§ **Given data**
========================

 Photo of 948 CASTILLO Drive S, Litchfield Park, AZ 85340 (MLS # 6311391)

========================

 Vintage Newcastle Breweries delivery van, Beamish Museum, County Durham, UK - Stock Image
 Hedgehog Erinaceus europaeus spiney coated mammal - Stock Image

========================

§ **Task details**
Output exactly one stretch of the listing: from the line containing "Vintage Newcastle Breweries" through the line containing "Hedgehog Erinaceus europaeus", both end lines included.

§ **Solution below**
 Vintage Newcastle Breweries delivery van, Beamish Museum, County Durham, UK - Stock Image
 Hedgehog Erinaceus europaeus spiney coated mammal - Stock Image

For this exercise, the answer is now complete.